Tessa Jowell, now culture, media and sports secretary, was the
first to hold the position under health secretary Frank Dobson.

When Dobson stood down to run as Mayor of London in October
1999, his successor Alan Milburn brought in Yvette Cooper, who is now
parliamentary secretary in the Lord Chancellor’s Department.

A shake-up at the DoH after the General Election saw
occupational health become a stand-alone ministerial area of responsibility for
the first time, combined with NHS Plus.

Hazel Blears, who had been brought in to the DoH in December
1997 by Milburn, was made a minister and promptly given OH as one of her

This continued until the resignation of transport secretary
Stephen Byers in May. The reshuffle in the wake of this saw Blears promoted to
public health minister and David Lammy brought in in her place.

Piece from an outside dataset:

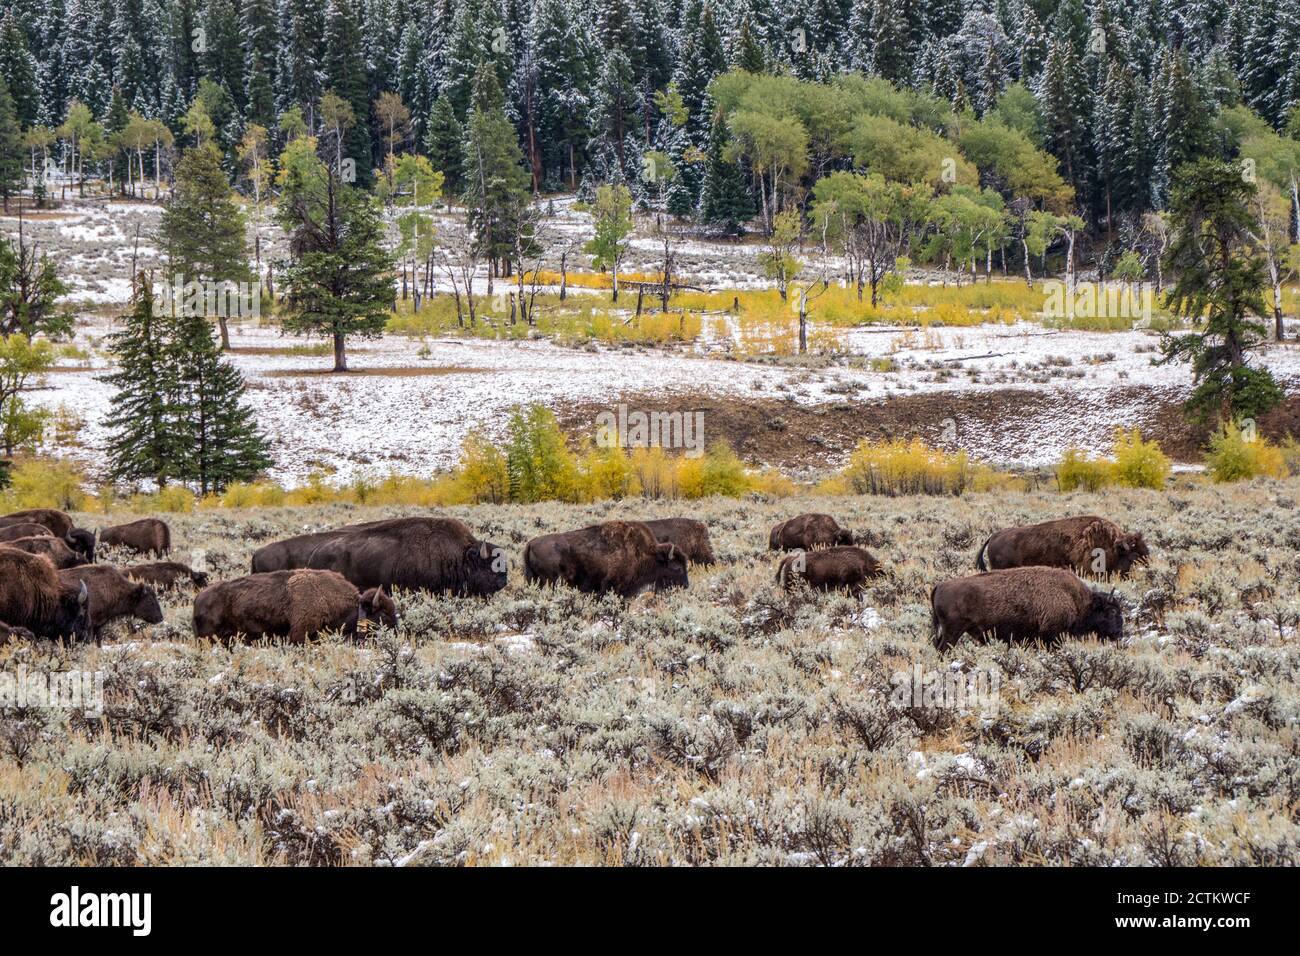 Parc national de Yellowstone, Wyoming, États-Unis. Troupeau de bisons dans la vallée de Lamar après une chute de neige au début de l'automne. Banque D'Images

Among the other parties at Westminster, the Conservatives lump
occupational health in with the rest of the shadow health brief. It is the
responsibility of shadow health secretary and former GP Dr Liam Fox.

The Liberal Democrat with responsibility for OH is former
pharmacist Sandra Gidley.

Within the Scottish Parliament, occupational health is
currently part of health minister Malcolm Chisholm’s brief.